Y, si me permiten, añadiría todavía algo más. Para llegar a la paz y profundidad de nosotros mismos, el lugar donde nos encontramos con Dios y con todos los demás, hay quien aconseja un cierto tipo de música. La Biblia dice que cuando Saúl se sentía mal, el joven David sonaba la cítara y el rey encontraba calma y bienestar (1Samuel 16, 14-23). Y un eslogan de la casa “Sony”, especializada en sonidos musicales: “Sony: lo mejor, ¡después del silencio!”. El poeta místico musulmán Jalal ed-Din Rûmî, contemporáneo de Dante Alighieri, escribía: “Fuego es el grito de la flauta y no viento, fuego del Amado divino que ha invadido toda partícula de mi ser, por lo cual de mí no queda más que el nombre, ¡todo lo demás es Él!”. Y el hebreo Elie Wiesel, premio Nobel de la paz 1986, recordando la escalera de la visión de Jacob, por la que subían y bajaban los ángeles (Génesis 28), concluía: “Pues bien, cuando los ángeles subieron definitivamente al cielo, se olvidaron de retirar la escalera. Desde entonces ésta ha quedado entre nosotros y es la escala musical, que nos hace subir de la tierra al cielo”. A su vez, el cristiano del siglo VI, Aurelio Casiodoro, amenazaba: “Si continuamos cometiendo injusticias, Dios nos va a quitar la música”. Por eso, concluía recientemente el cardenal Gianfranco Ravasi introduciendo un concierto ante el Papa: “... Si Dios nos deja todavía la música, es señal de que no se ha cansado de amar a la humanidad”. Beethoven, con su “Silencio” (que pueden escuchar Uds. a continuación) ha sabido unir ambos aspectos: silencio y música..., camino hacia Dios y hacia los hermanos.  

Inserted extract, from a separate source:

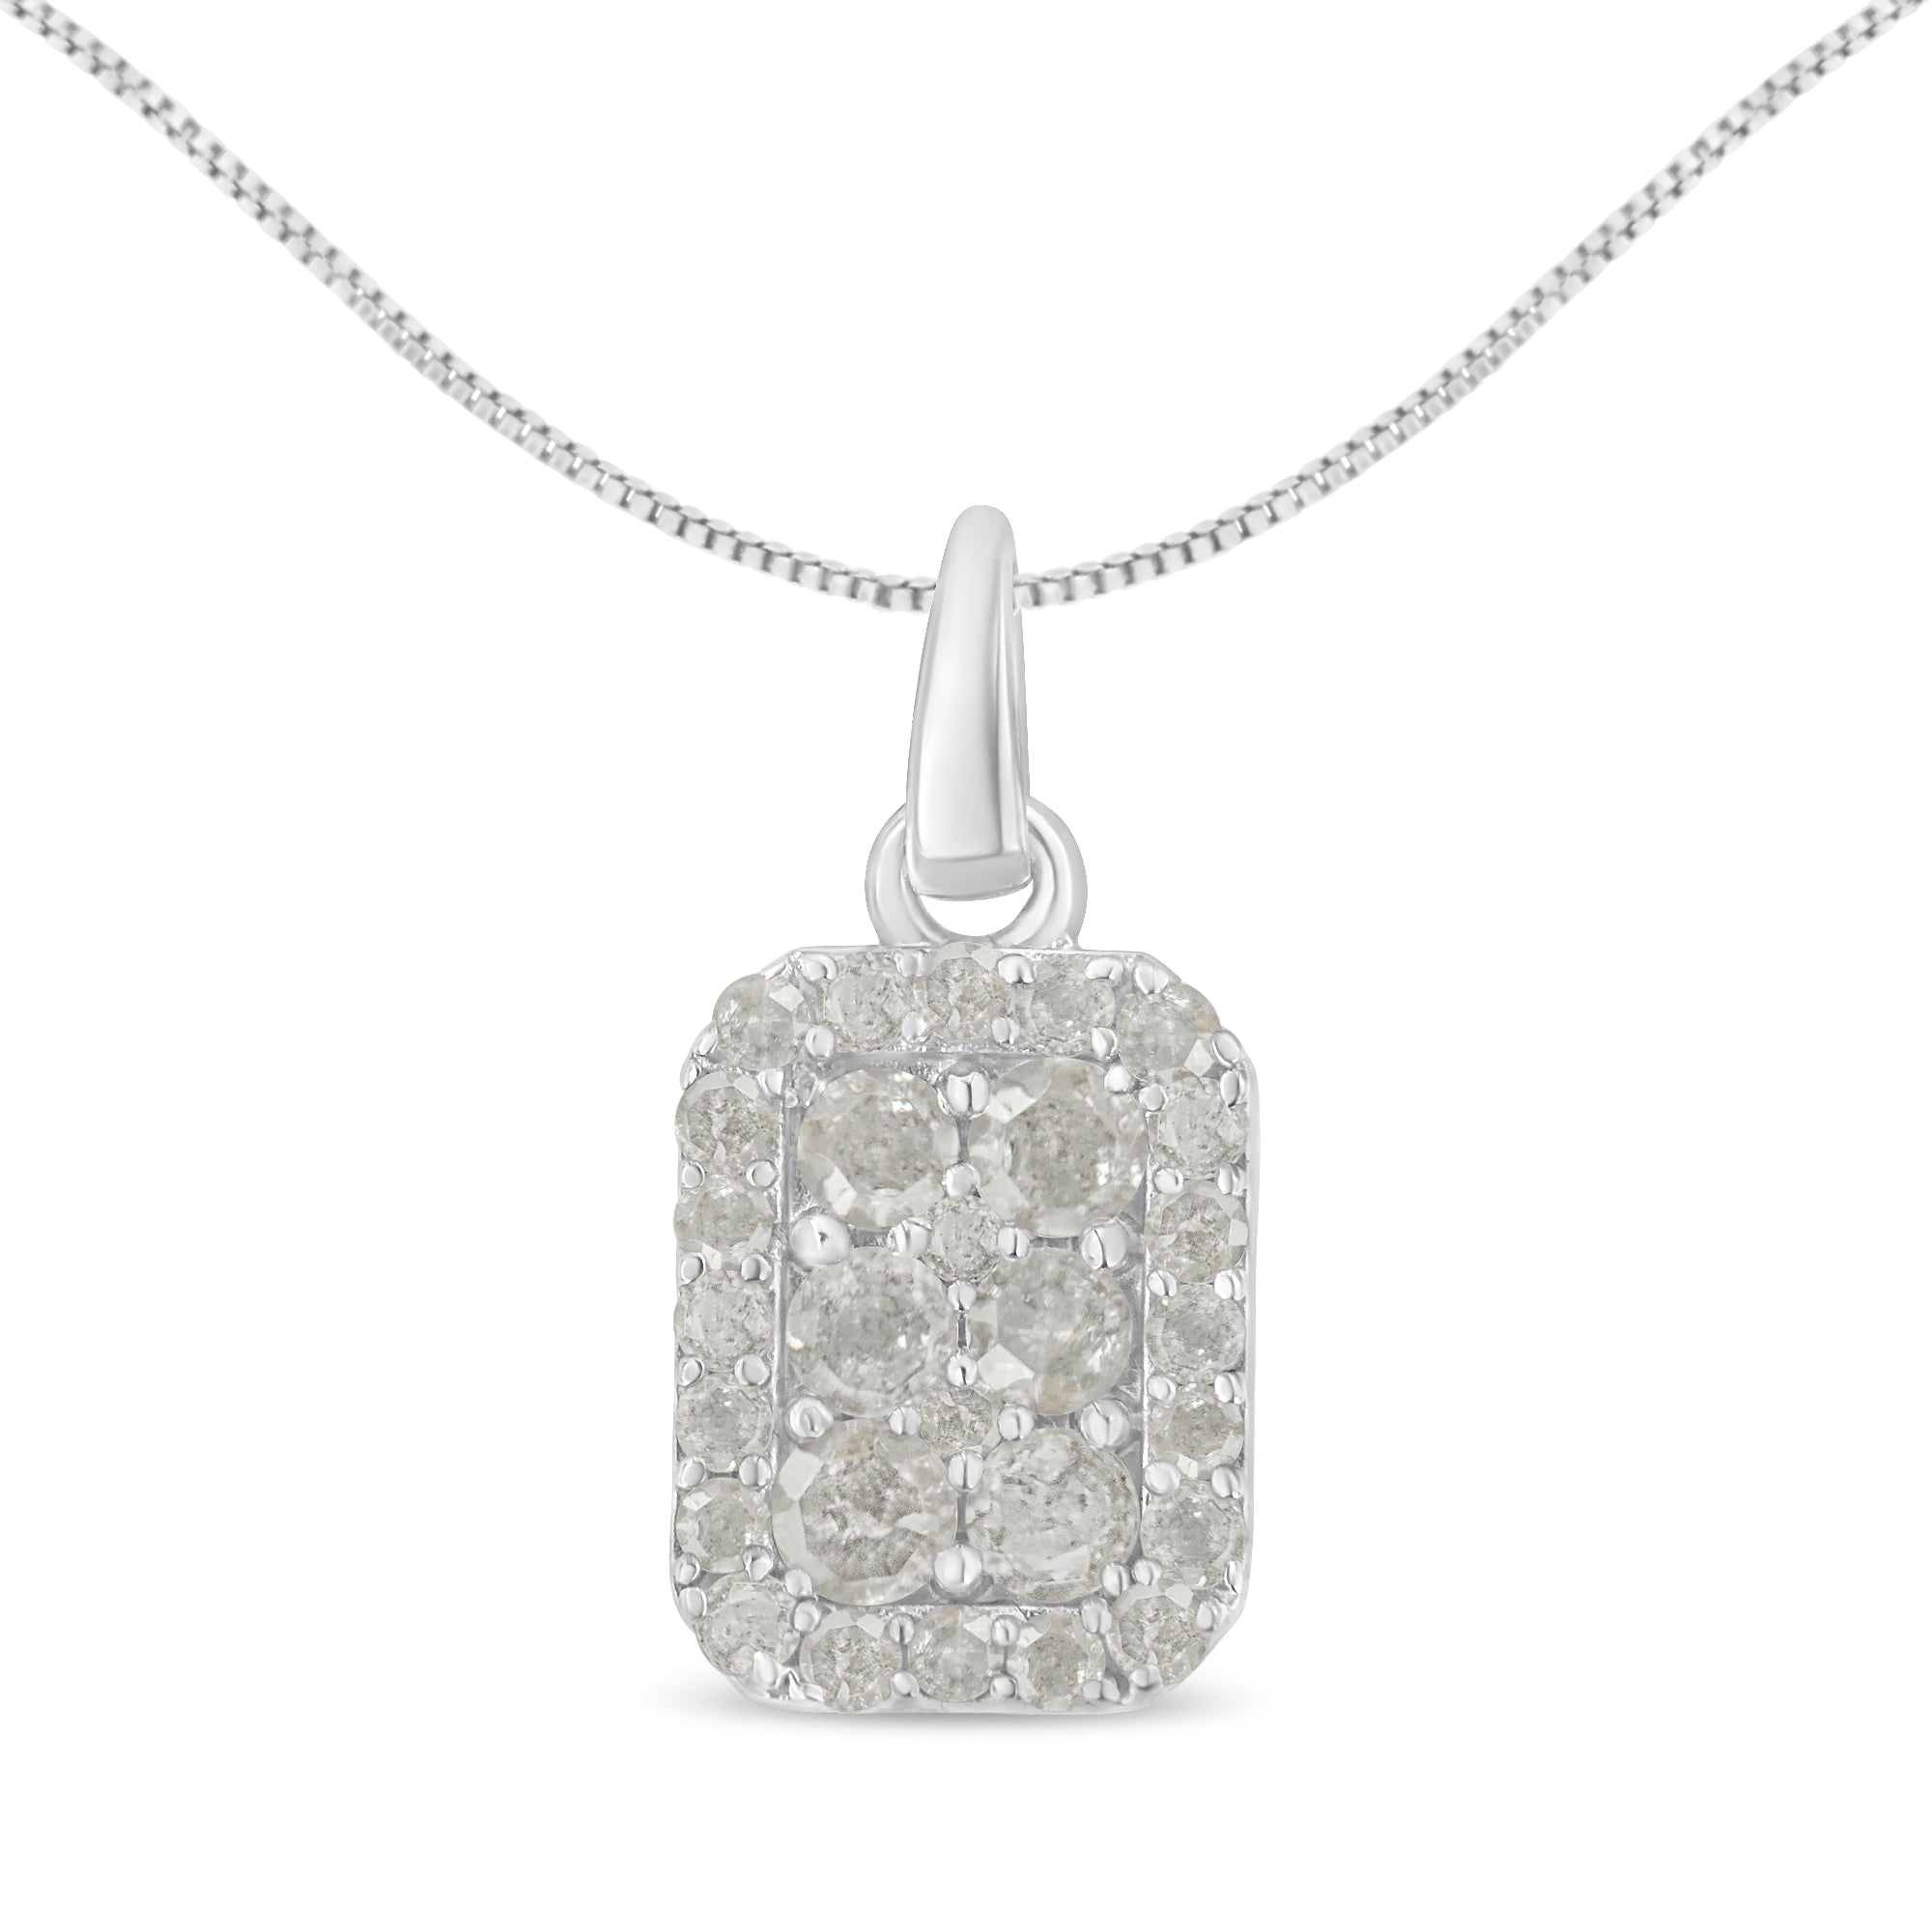 .925-Sterling-Silver-1-Cttw-Diamond-Block-Pendant-Necklace-(I-J,-I3-Promo)-Pendants-&-Charms

En conclusión, no se trata de que este verano nos volvamos todos monjes o ermitaños...(¡!). Pero, si nos lo podemos permitir, aprovechemos algunos días o al menos algunos ratos para encontrarnos con nosotros mismos y con la música... y, desde esta profundidad, subir hasta Dios y darnos cuenta de que es allí donde encontramos a todos los demás hombres. Quien sabe si no volveremos del bullicio de las vacaciones más humanos, más cristianos... e incluso más descansados...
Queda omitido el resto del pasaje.